The Inspirations series highlights RPGs having special influence on or inspiration for the design of An Age Undreamed Of, the Sundered Reach or the World of Ytherra.

Thursday, October 17, 2013

AAUO Progress Report 10.17.13

I am working — after a couple of weeks off — on part 2 of the rules for An Age Undreamed Of. This is the game systems section of the book, and approximately the second third of the core rules. I'm having to go back and tweak Part 1 more than I expected. I even added an entirely new skill (for a total of 33 in the core rules and one more as of right now planned as a definite inclusion for later.)

Combat is mostly going to follow the d20 model, stripped down to remove cruft but with a few tidbits from elsewhere fitted in.
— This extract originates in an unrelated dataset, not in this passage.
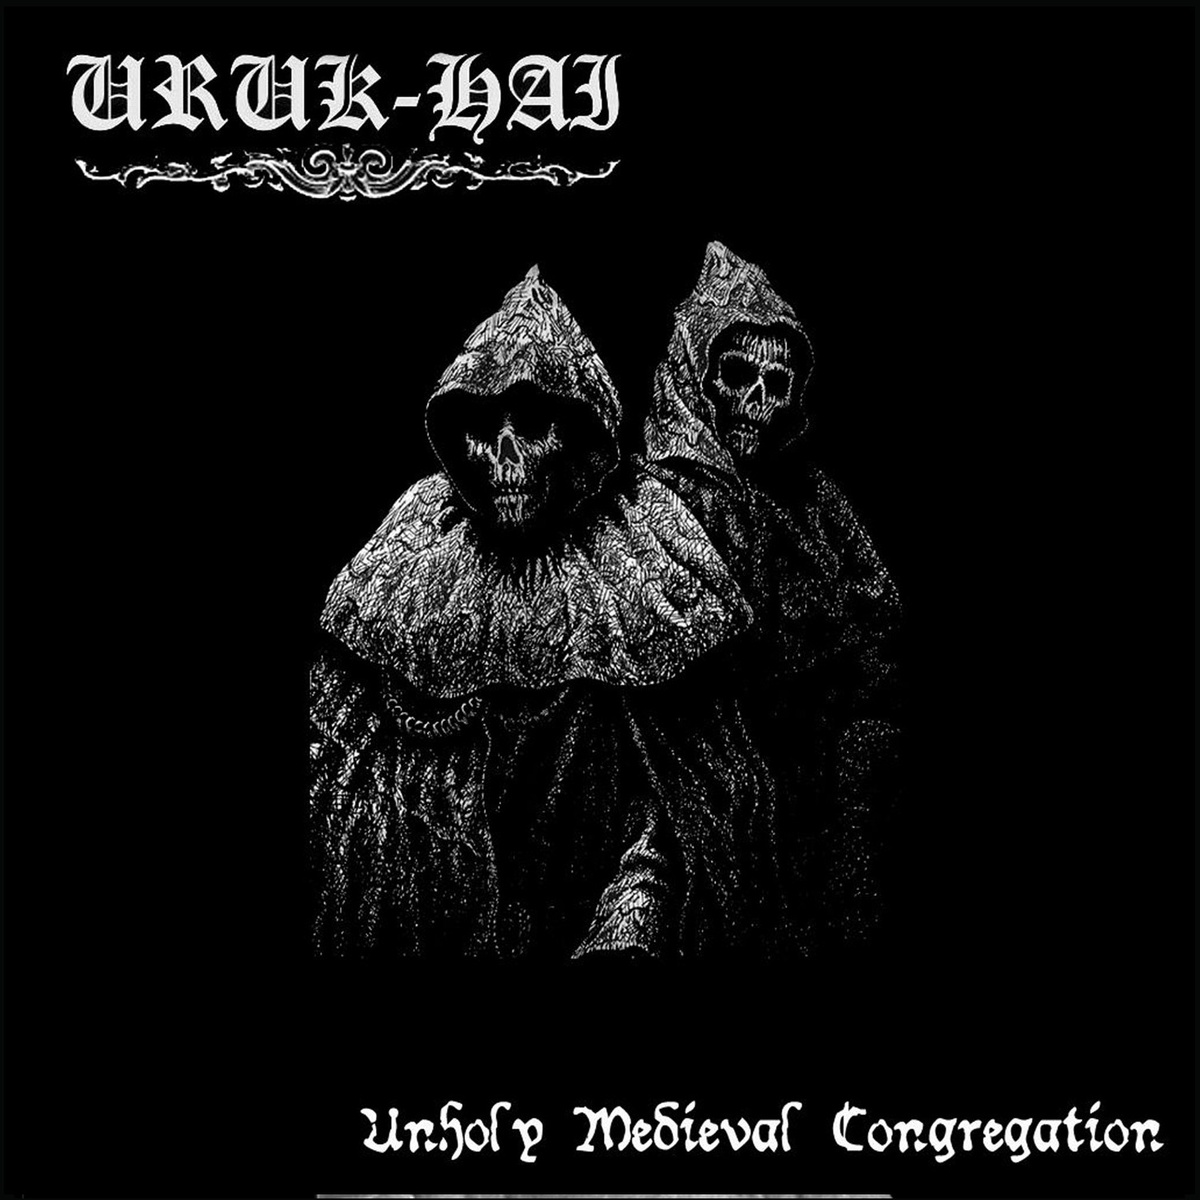 URUK HAI(spa) – Unholy Medieval Congregation

I haven't started skills and actions yet, although I have it outlined, but what is definitely not going to be in the rules is a multipage rules section for each skill. A paragraph for most of them, and a brief one if that, with a few getting more explanation.

I've also done a little bit of sketching on the source map for the graphic in the last post, refining some placeholder names and shuffling some stuff around to make it fit better. I am not what you could call "working seriously" on this end of the project at this point.

The standard AAUO Disclaimer:
I am creating a (tabletop) fantasy role-playing game called An Age Undreamed Of, set in a mythical Forsaken Age. It is "old school" but not a a retro-clone. AAUO is built on a stripped-down d20 engine, injected with ideas from other RPGs of the late 70s and early 80. Anything you read about it here should be understood as notes on a work in progress.

Tuesday, October 15, 2013

Setting Implied and Otherwise

Back in the day tantalizing hints were encountered of a D&D world, present not just in the adventure modules but as little snippets of lore in places like the artifact descriptions in the Dungeon Master's Guide. The Ring of Gaxx, dread Vecna with his Hand and Eye, the Wind Dukes of Aaqa... these were things that had history, clearly. But only much, much later were these items developed in any concrete way. Until then they were mysterious rumors to spark the imagination.

From the standpoint of writing and designing An Age Undreamed Of, I'm taking the approach that there will be a strongly implied setting present in the game, and strictly that. While AAUO will be set in a mythical Forsaken Age, and while there will be names sprinkled throughout the text to suggest the history and cultures of this age, there will be no "official" version of that setting ever presented.

On the other hand, I do have a vast number of setting ideas and even a fairly fully realized world in the pipeline, which I will plan to get back to working on once the AAUO rules are done. At least one of these, the Sundered Reach, is a sandbox wilderness that I plan to develop for AAUO. The words "forsaken age" will likely appear together in the text of that work. It will be one small corner of a world with that appellation. But even if the book provides glimpses of a Forsaken Age, your Forsaken Age will be completely different.

I'm a big believer in strong setting materials; I did, after all, spend years working on exactly that. But I think an old-school RPG needs evocation and creative freedom. Even where there is a framework in place, as with the old World of Greyhawk folio, the world is never really presented to you. Instead, within some skeleton the world developed organically in play at each table. A setting defined down to the smallest parameter like the Forgotten Realms, neat and lovingly developed as it is, does lose the unique fingerprint stamped upon it by the group.

Don't get me wrong, though - I admire the Forgotten Realms as a piece of fine craftsmanship, and many fine campaigns have been set there. Too, the original FR boxed set is, I think, brilliantly evocative without being confining in the least. I'd say you could make a good case for that item being among the finest presentations of an old school setting. And even more, I admire masterpieces like Hârn and Tékumel. But what those two were, and what the Forgotten Realms became, are really a different find of framework than AAUO is going for.

(Today's graphic is a map I did a little while ago of a Forsaken Age. It may or may not see use in anything like its present form, but it is the landscape where the Sundered Reach will be set.)